Flora goes on. “The doctors said it was something she developed after she was born. She had to wear a full body brace for a time, and after that leg braces.”
And now the chaplain is remembering the little plastic ankle braces with the pastel-colored flowers- the ones her daughter wore when learning how to walk over the course of frequent sessions with a physical therapist.
“How she had a hard time of it, and how I felt so much for my dear daughter and all she had to go through,” Flora is saying.
The “professional pastor” in the room is feeling something well up within her. A tear, then tears. “Holy sadness,” as the nineteen-century theologian, Friedrich Schleiermacher, is the closest name I can give for it.
Meanwhile, This isn’t professional of me, she is thinking. I can’t cry. I’m the minister here. Boundaries, people, please!

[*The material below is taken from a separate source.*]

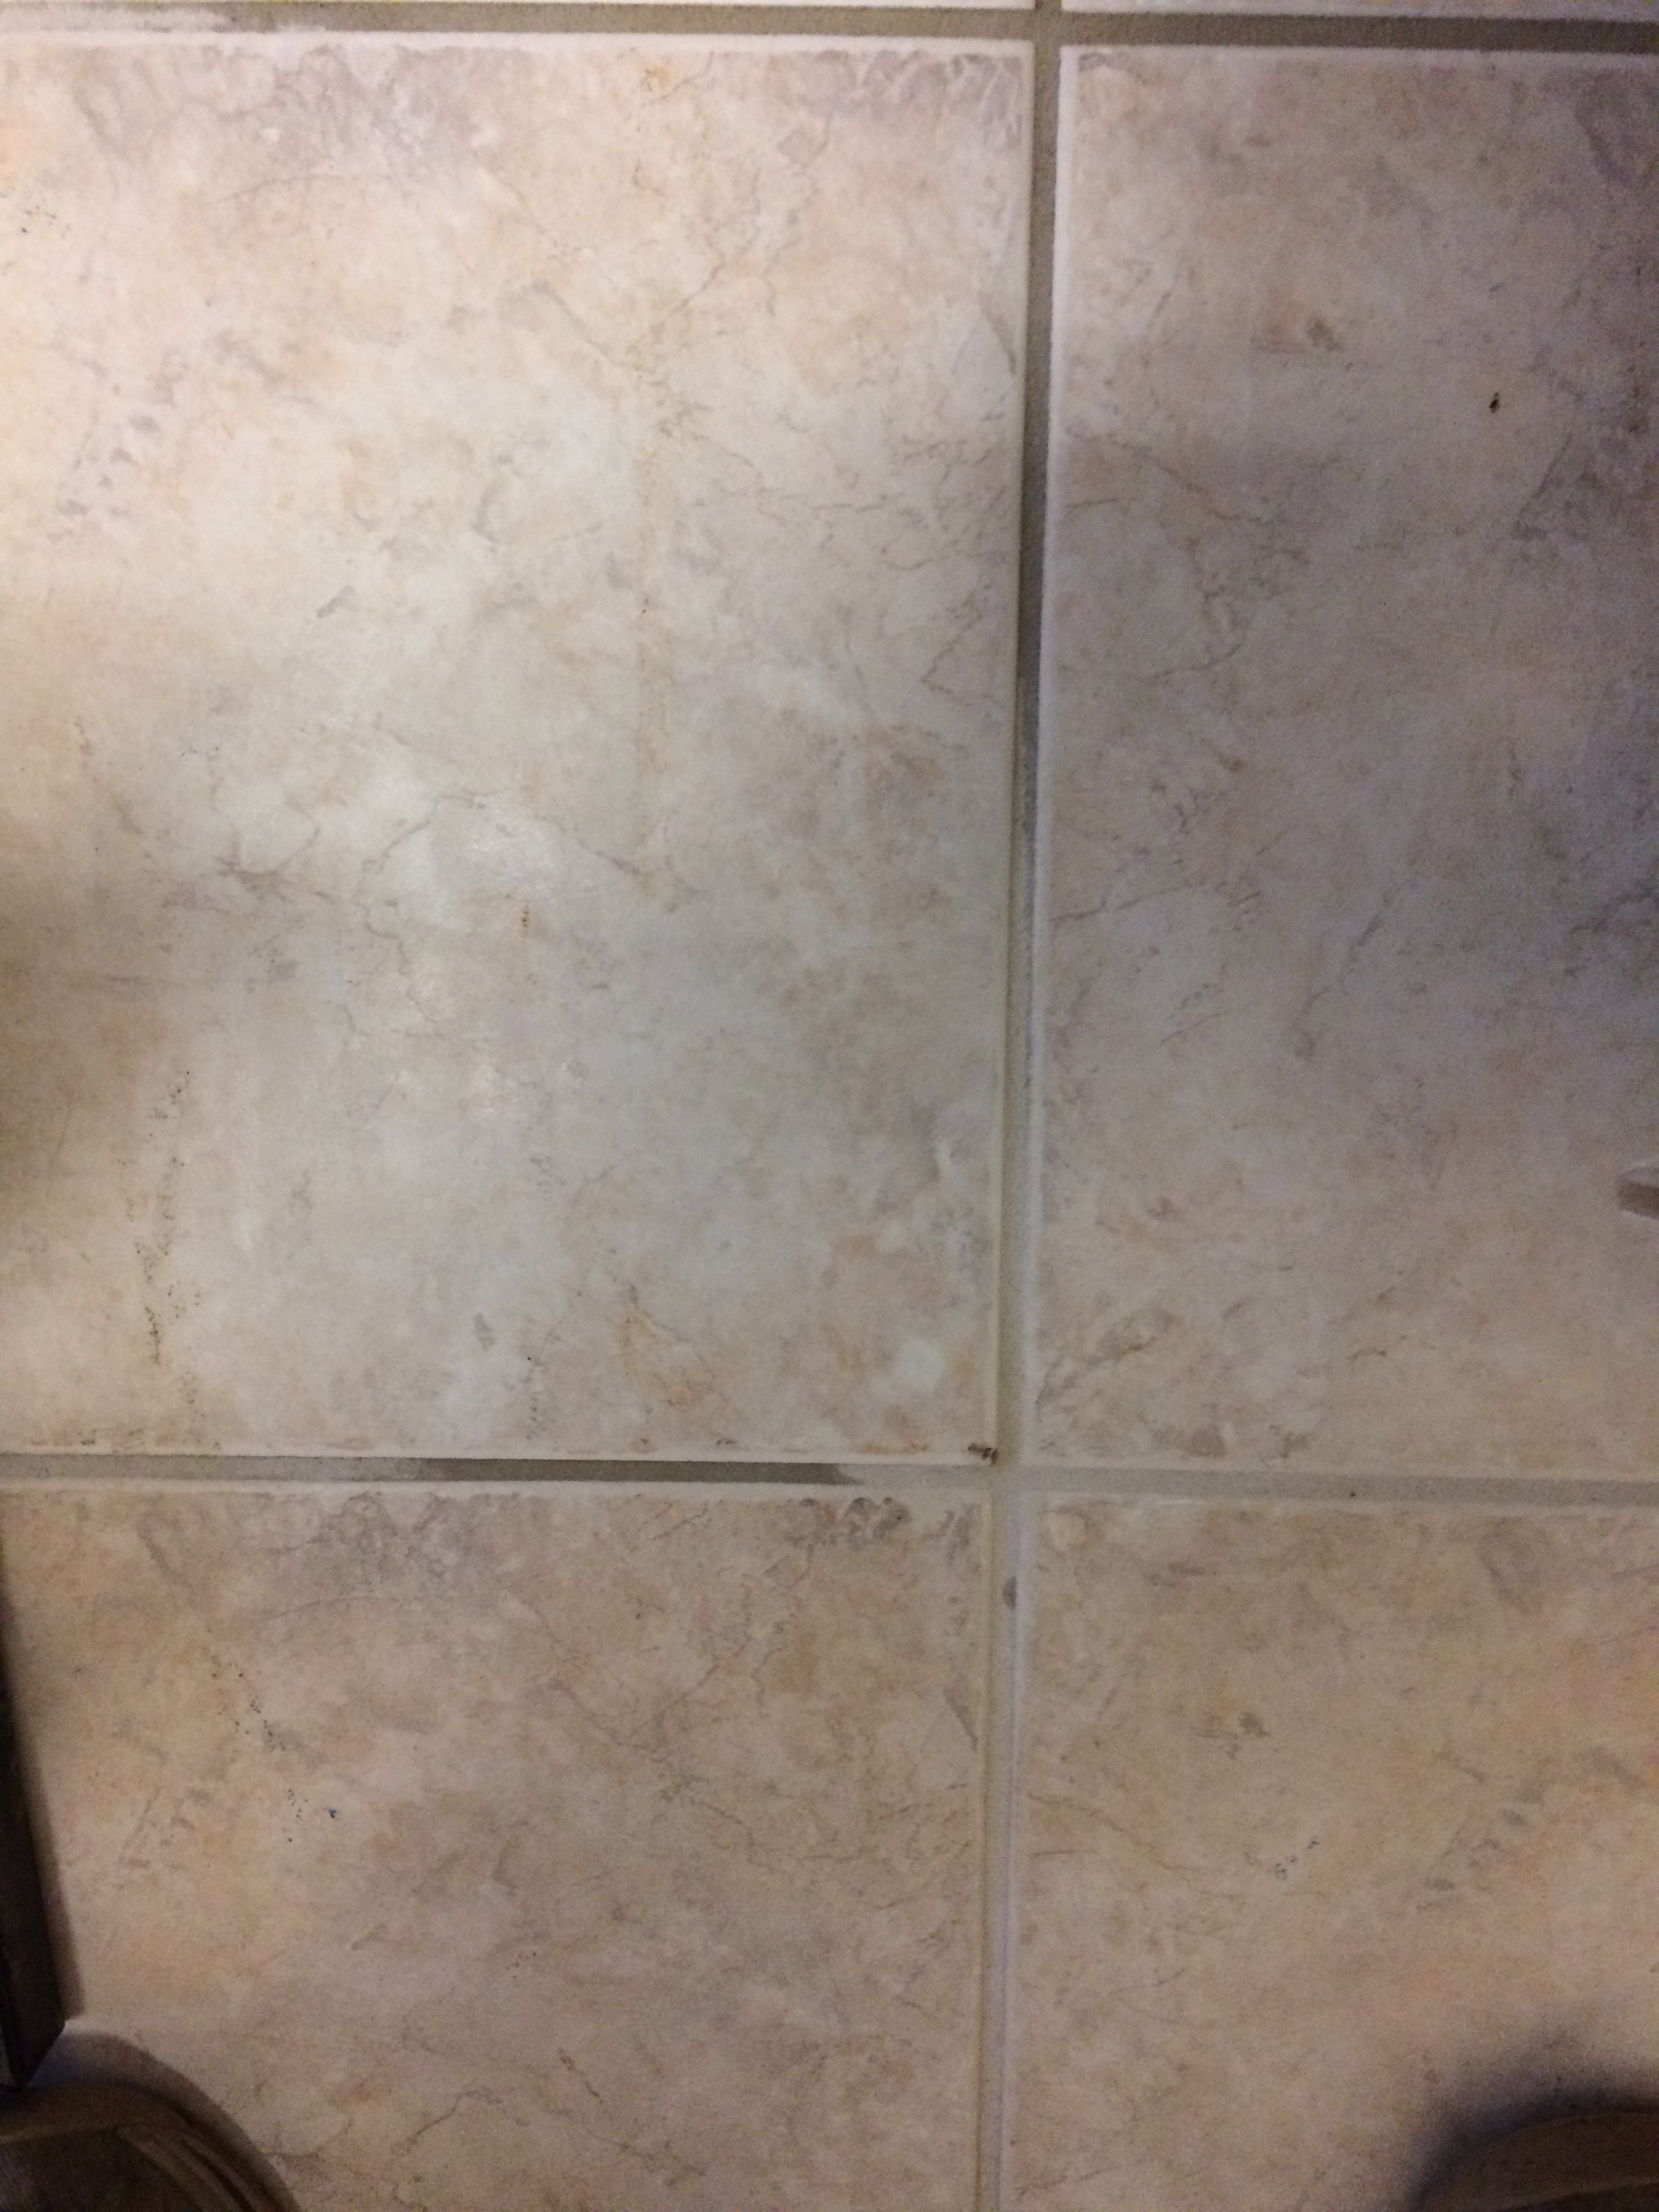 Cleaned rust stained tile floor
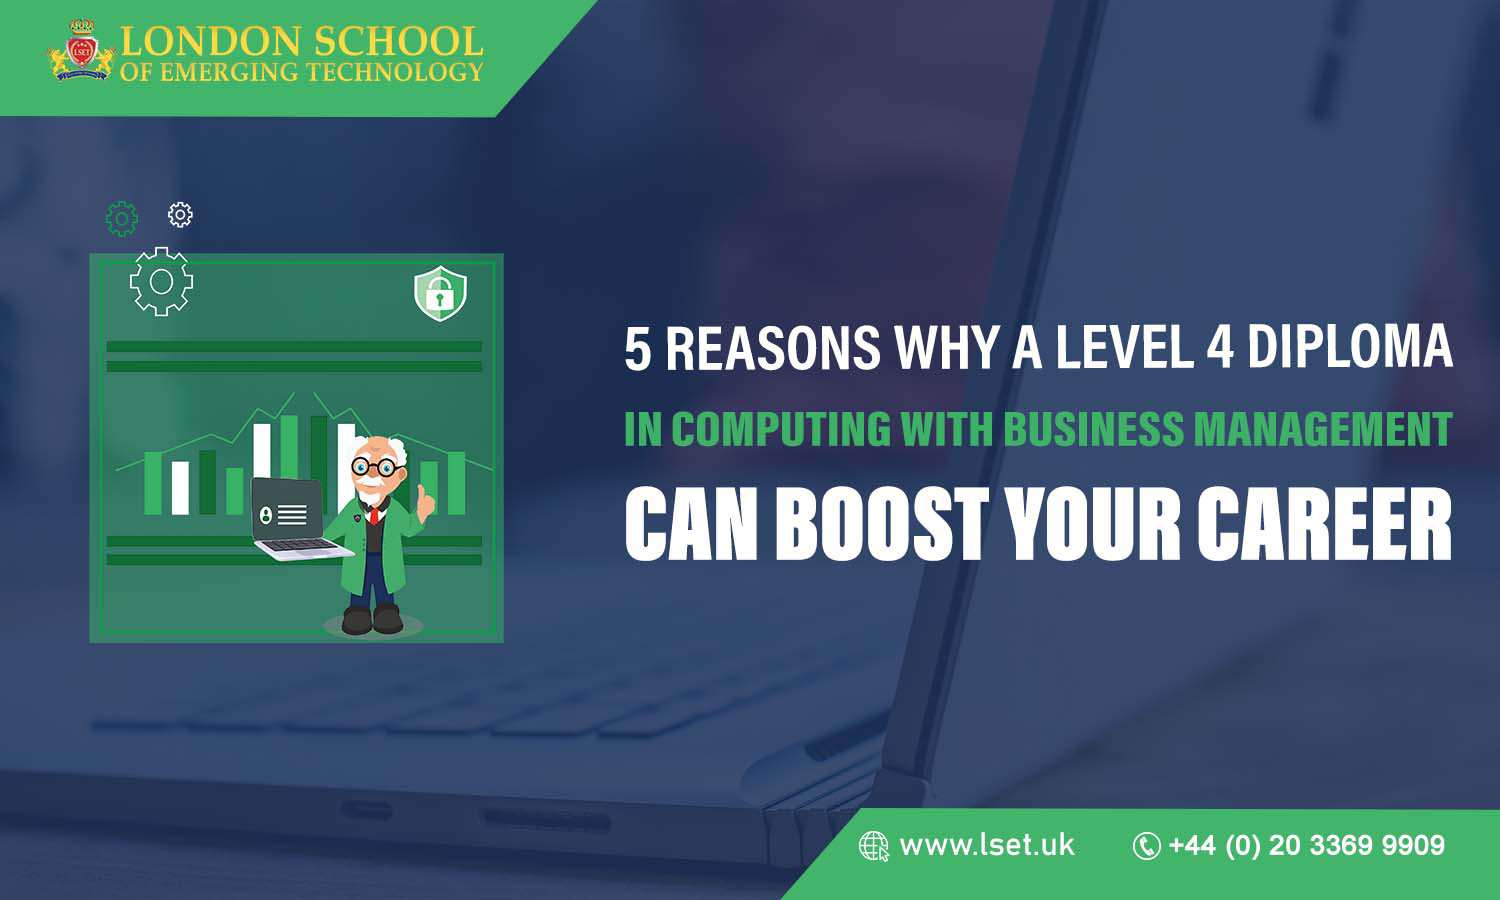 5 Reasons Why a Level 4 Diploma in Computing with Business Management can Boost Your Career

But the recollections of the beloved, blonde-headed, little girl with the bob who says, “Cheese,” when she means, “Please,” who at three still takes her time going up stairs with the slow deliberation of a novice painter etching her first still life, who lights up every room with a smile, are too hard to repress now. And, she is remembering the moment when a doctor, marveling in wonder and with great delight at the rhythmic, wave-like patterns on a sonogram, exclaimed that the child she was carrying in her last month of pregnancy was the happiest child he had ever seen. “It’s like your daughter is dancing!” he had exclaimed joyfully.
Later, she had known something was different when Samantha (“Samantha” which in Aramaic means “God listener”) hadn’t begun to walk at almost two years of age. That is when the visits to the physical therapist began. Then the speech therapist. A round of medical and DNA tests, none of which could really detect the source of the problem. Until one day in a neurologist’s office, this mother had heard the terrifying words, “cerebral palsy.” A mild case, but cerebral palsy all the same. A simple scar on my daughter’s head which could have been caused by almost anything really, and which, with therapy, could be treated and remedied if not cured.
Why? I had wondered. To bring God glory?, not without some hint of bitterness. But, how?
And now Florence is telling me about her quadripilegiac daughter whose life-long calling has been to make colorful bracelets and smile sweetly back at the world and let others care for her, and in so doing make the world a more beautiful place.
And between the tears running down my cheeks now, “My daughter has cerebral palsy, too,” I manage to stammer. “It’s a mild case,” I say. “But I can begin to imagine what you and your daughter must have endured together.”
For the first time Flora is looking into me now: “You understand then,” she says. The connection lights up her face, if only momentarily.
And now I’m holding her hand and the tears are silently streaming down my face as I try to wipe them away- as if somehow Flora might not somehow notice.
The professional chaplain is crying like a baby, I’m thinking. Get yourself together, I’m telling myself.
“Christ’s body broken for you,” I hear it sometimes said when I receive the bread and the wine. But here it is again, only embodied differently this time.
An aperture of light in a dark room.
An exchange of shared broken things.
Feeding one another.
And at the center, in the space between us, a cross with God on it.